Although most authors of prognostic biomarker studies in prostate cancer investigate markers for therapy planning at the biopsy stage, these studies, as exemplified in our selection, mainly use RPE specimens (and not preoperatively sampled biopsy material) and analyse disease progression following radical prostatectomy. The inherent but to our knowledge unproven assumption is that markers of disease progression following surgery can also be used upfront to estimate the tumours’ endogenous aggressiveness; or, in other words, that predictive markers are also prognostic markers. The distinction of prognostic markers that estimate the natural course of disease and predictive markers that estimate the response to therapy is still often ignored. This aspect should be considered carefully, for surgery might indeed heal and not only ameliorate the disease. As the TMPRSS2-ERG translocation illustrates, a biomarker may well allow prognostication in untreated patients (Demichelis et al, 2007; Attard et al, 2008) but can still fail to predict progression following therapy (Minner et al, 2011; Pettersson et al, 2012).
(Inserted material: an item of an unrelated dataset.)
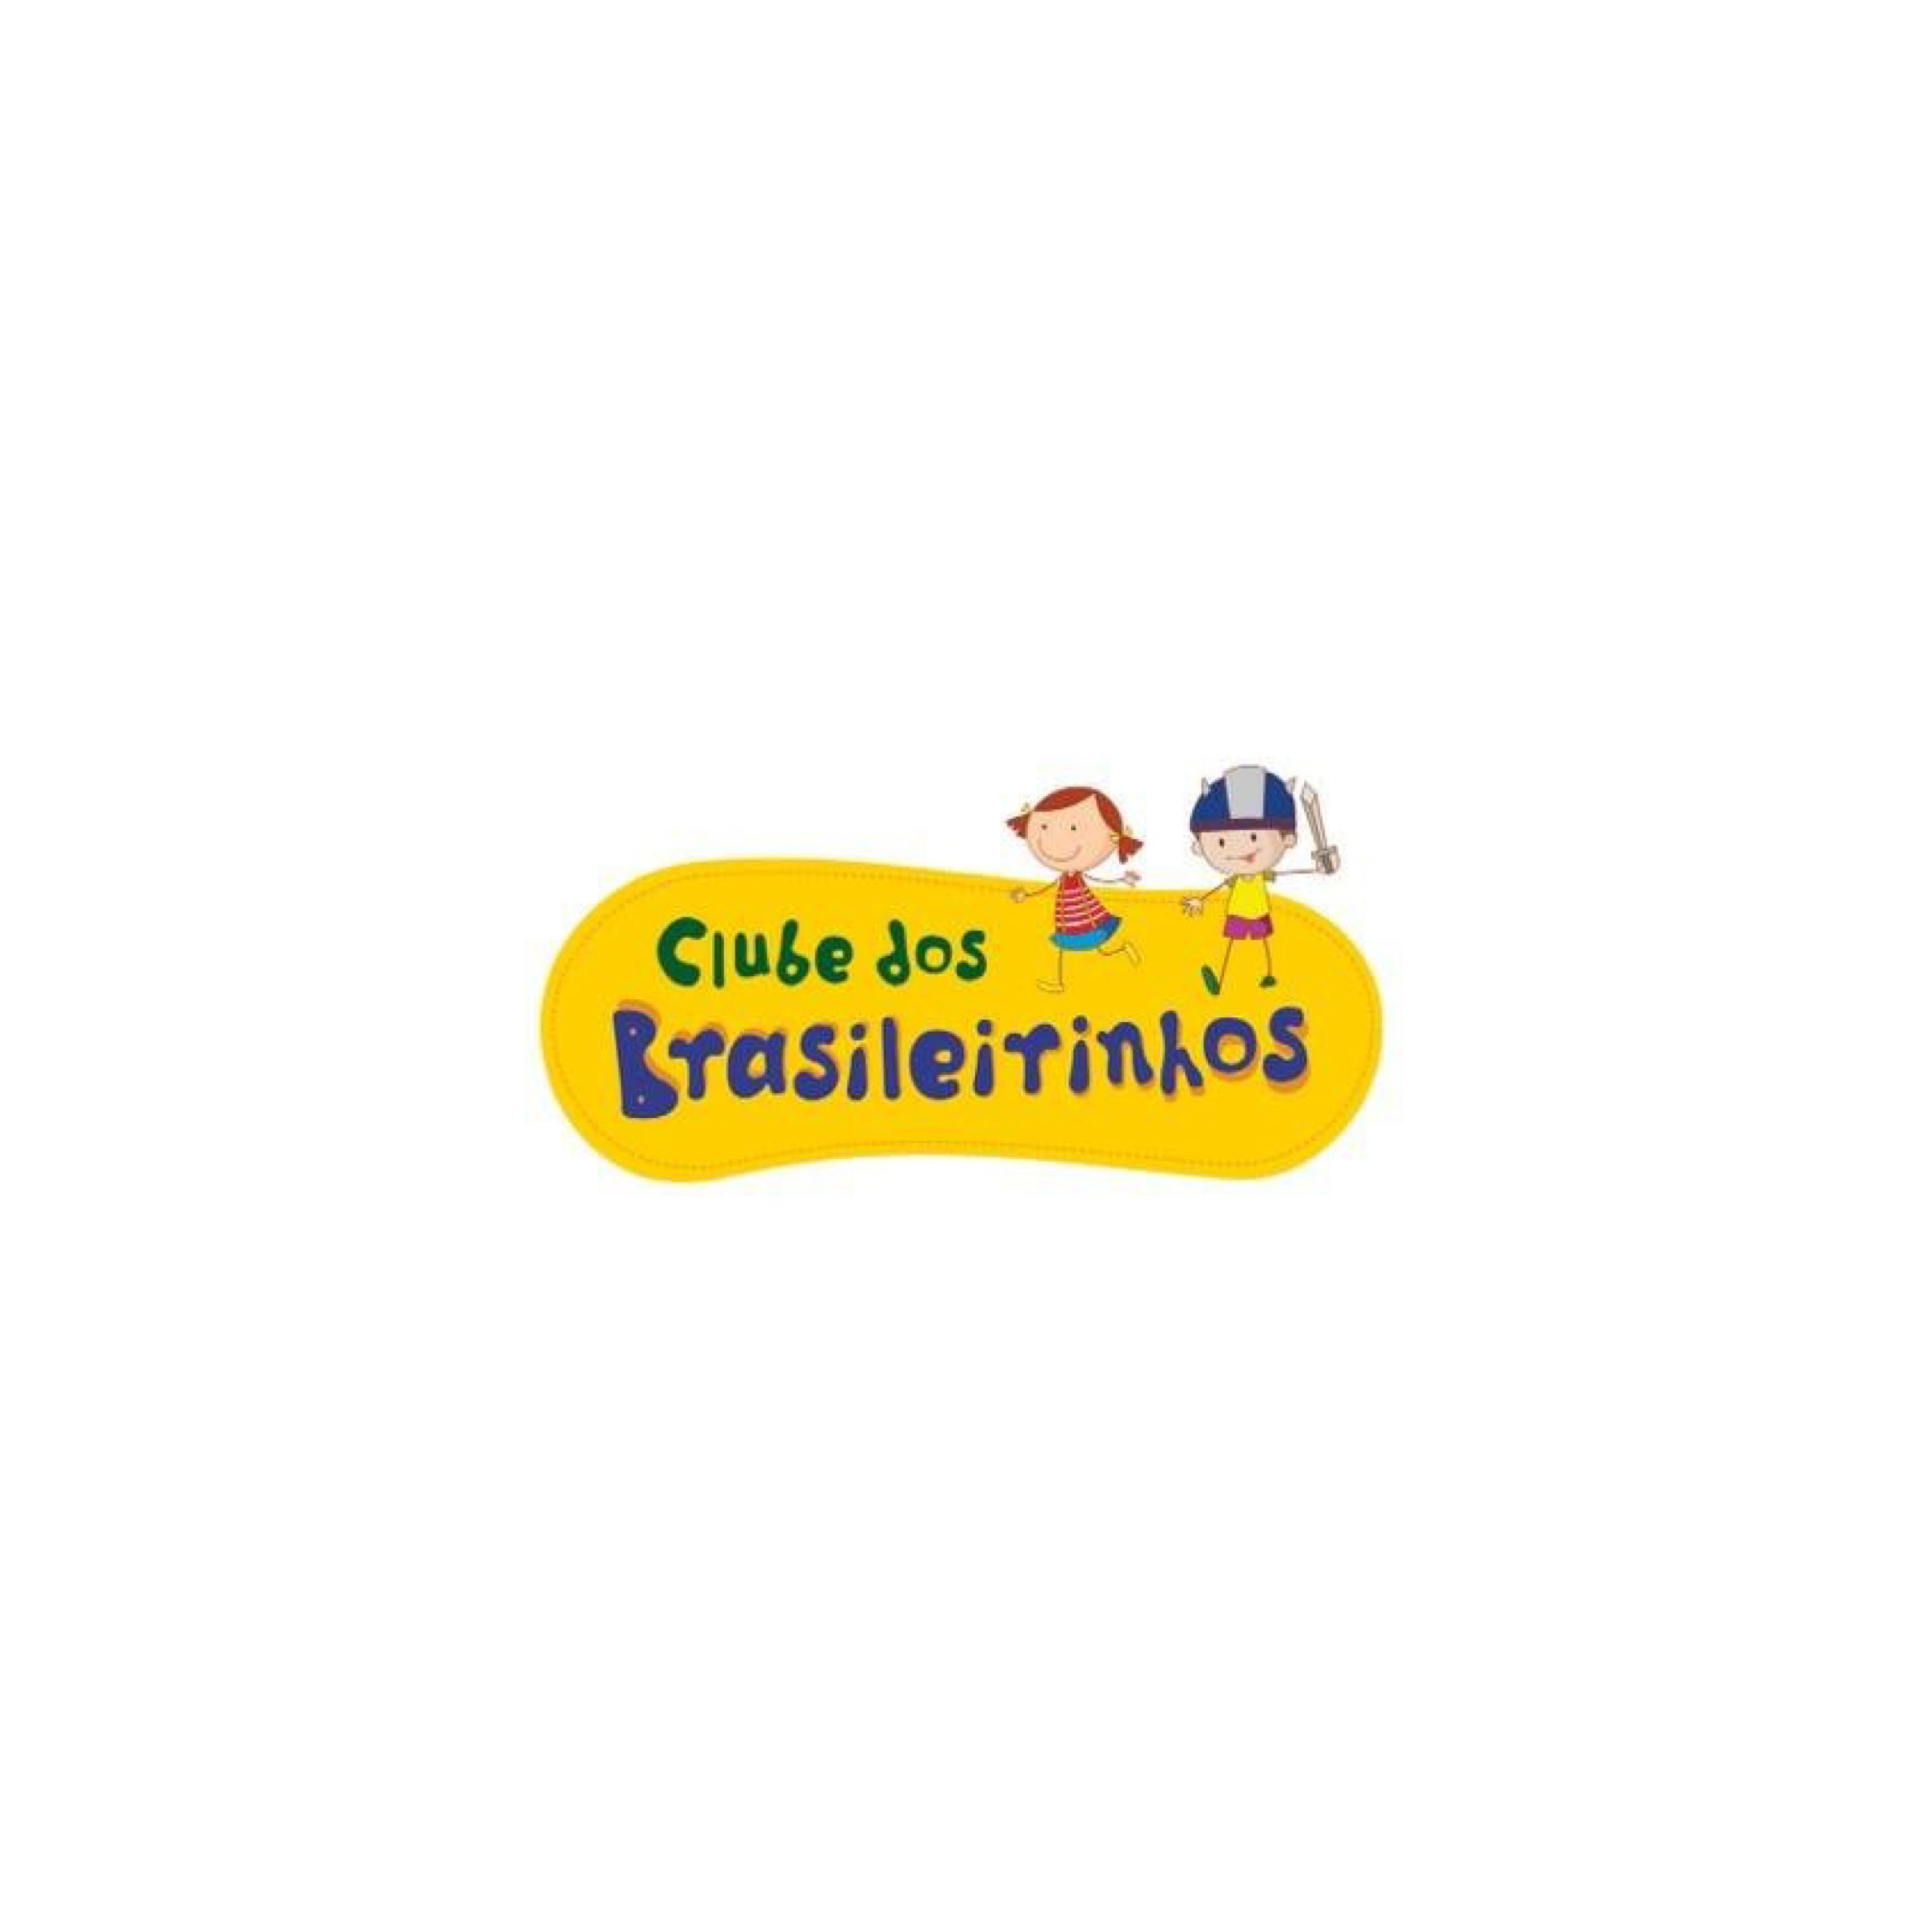 Clube Dos Brasileirinhos logo

Other markers may work in both settings, as demonstrated by the cell cycle proliferation signature, proposed by Cuzick et al (2011).
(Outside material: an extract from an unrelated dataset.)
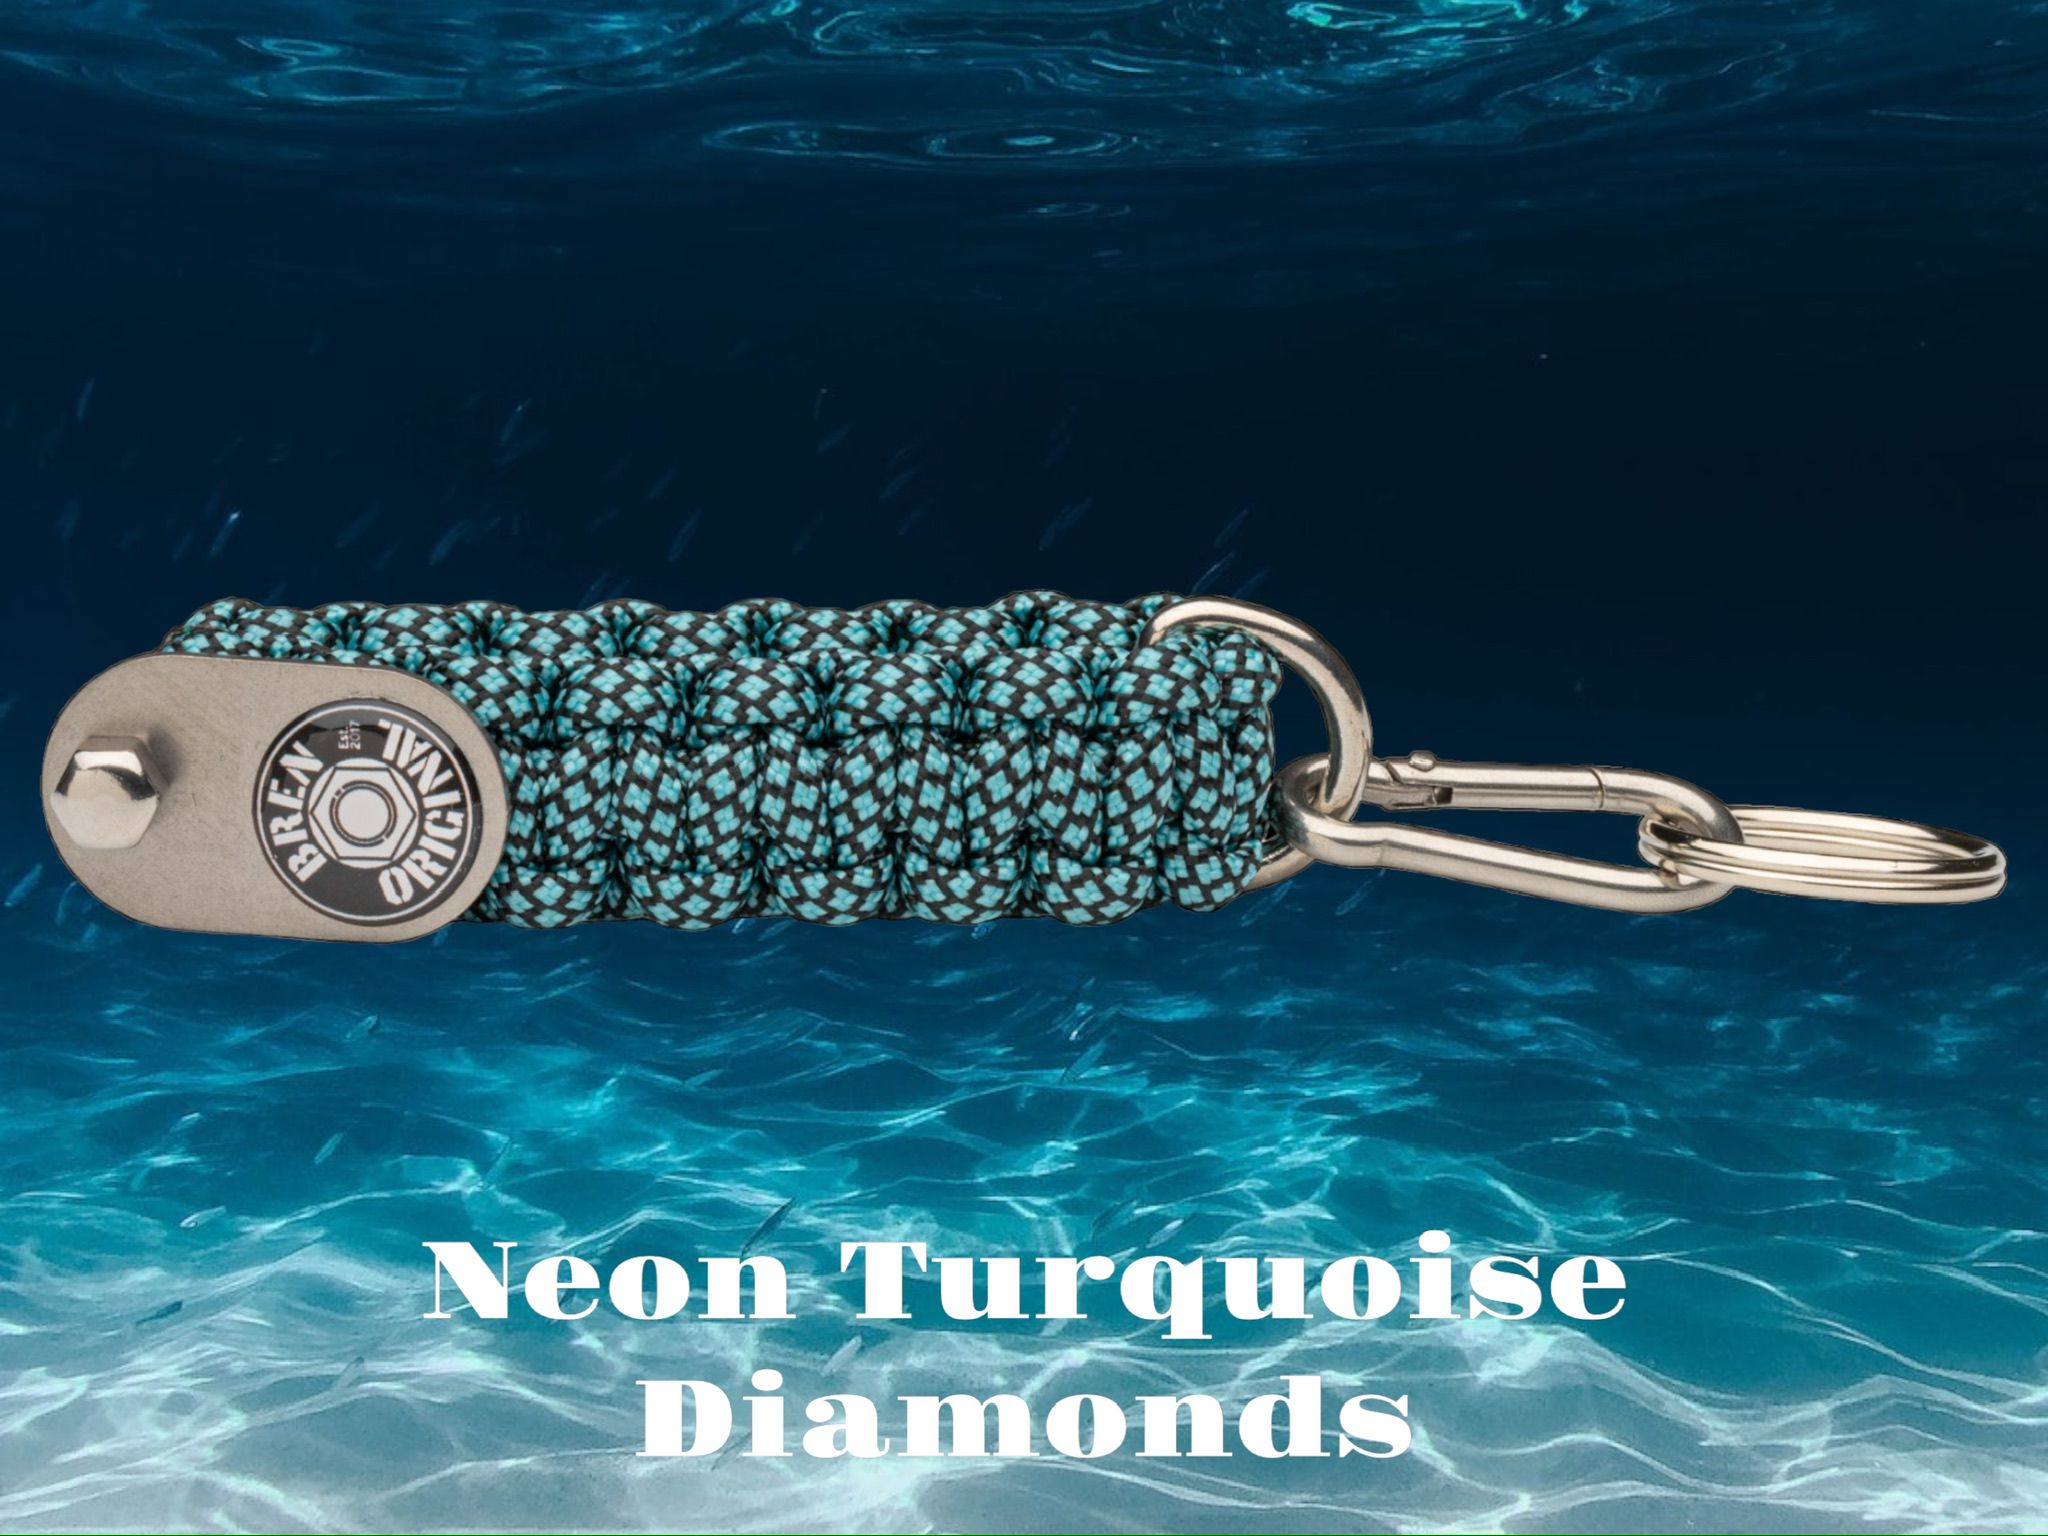 Neon Turquoise Diamonds

We are convinced that the final and most crucial step in verification of a biomarker for therapy planning at the initial biopsy stage would be a prospective trial in an active surveillance cohort. A reliable biomarker should then be able to identify insignificant tumours that can safely be kept under surveillance for a longer time and do not necessitate active treatment because of the criteria of tumour progression. Even then, long-term follow-up data with either cancer-specific death or onset of castration refractory disease as an endpoint would be highly desirable. Another open point of discussion is, if the commonly used surrogate marker of disease progression, PSA relapse, is delineating a clinically meaningful endpoint, because many patients with a PSA progression will die of other, non-cancer related causes (Attard and de Bono, 2009). To complicate the matter, the definition of PSA progression also varies between studies (Nielsen and Partin, 2007). It also has to be kept in mind, that it is highly unlikely that molecular prognostic biomarkers solely can supersede the clinico-pathological parameters that build the basis of commonly used nomograms, but are only able to add prognostic information to these. This is in principle good news for histopathologists who should strengthen their efforts to provide even more standardised reports in the future, irrespective of molecular developments.
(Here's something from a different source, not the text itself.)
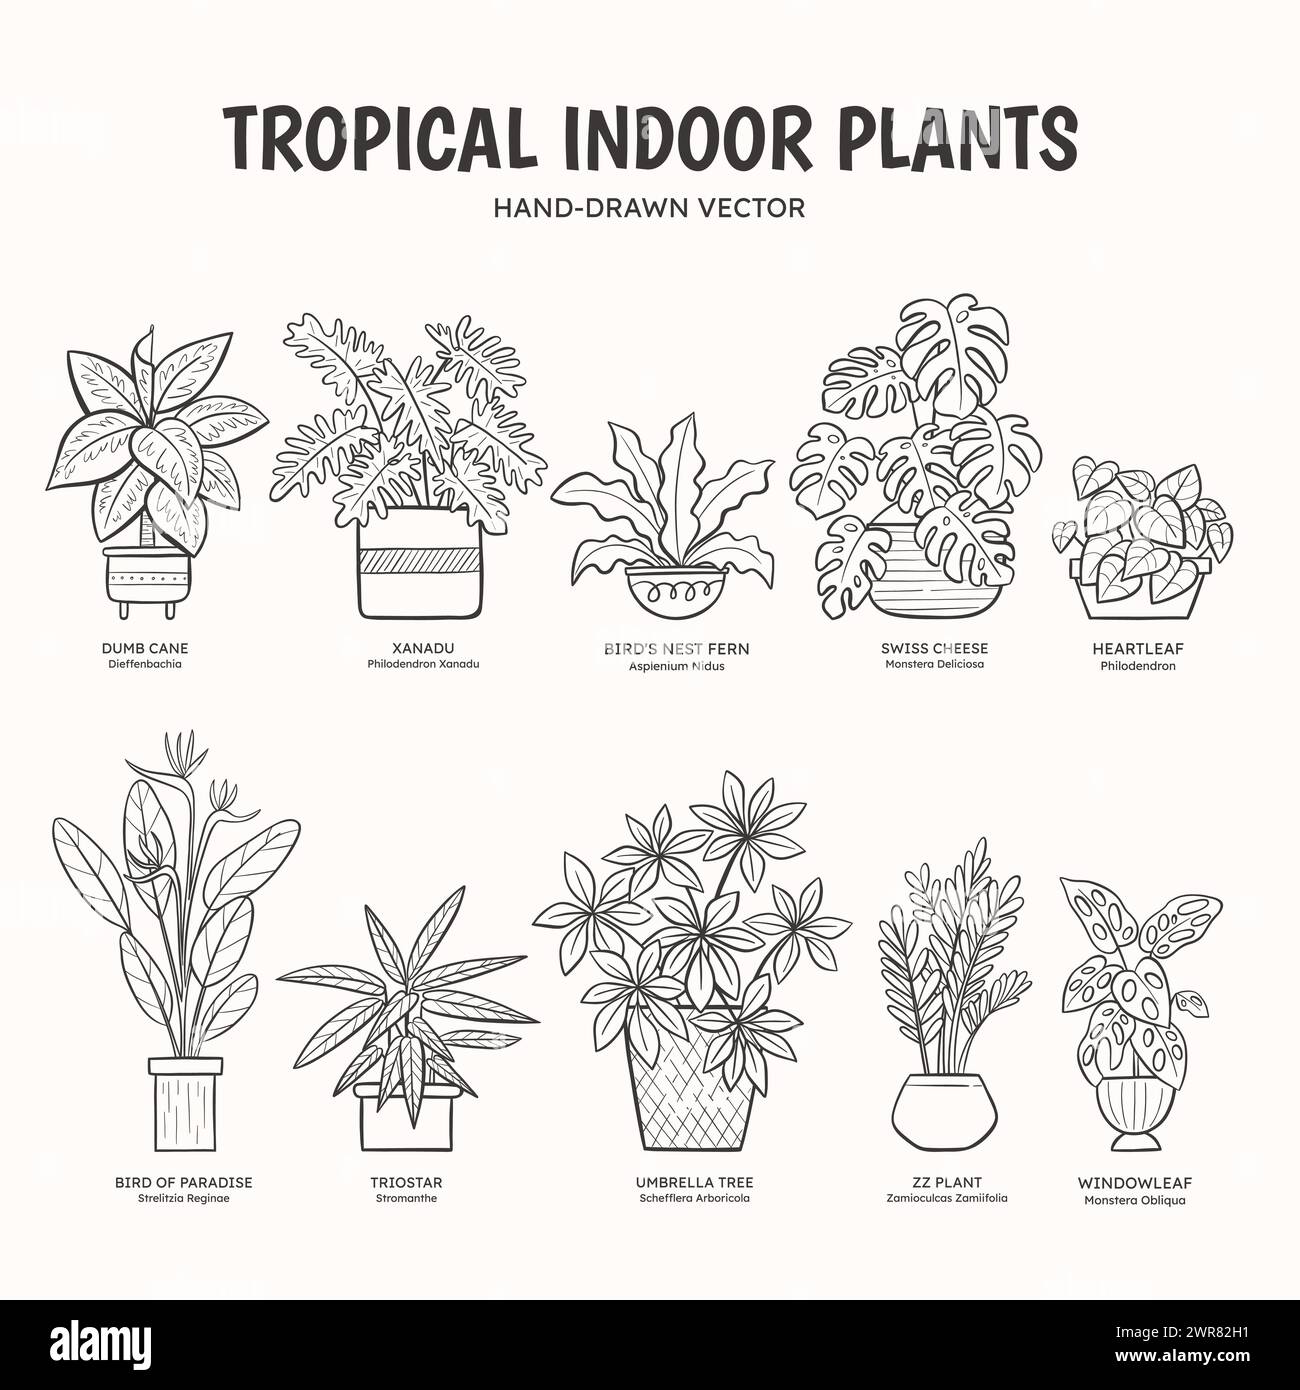 Sammlung tropischer Doodle-Pflanzen für Innenräume. Englische und wissenschaftliche Namen unter der Pflanzenzeichnung. Lineart-Vektor-Illustration. Stock Vektor

In summary, this study sheds some very critical light on contemporary immunohistochemistry studies that aim to identify prognostic biomarkers for prostate cancer. Acknowledging the inherent limitations of this comprehensive meta-analysis and verification study, the majority of published biomarkers could not be confirmed. This is disappointing but in excellent concordance with the skeptical view of biostatisticians and may also be true for other tumour entities (Ioannidis, 2005, 2013). We feel that in addition to the suggestions made above, the REMARK guidelines, which summarise important cornerstones of biomarker investigations, clearly deserve a wider reception, better acknowledgment, and stricter adherence in order to increase the quality of published data in the future (McShane et al, 2005a).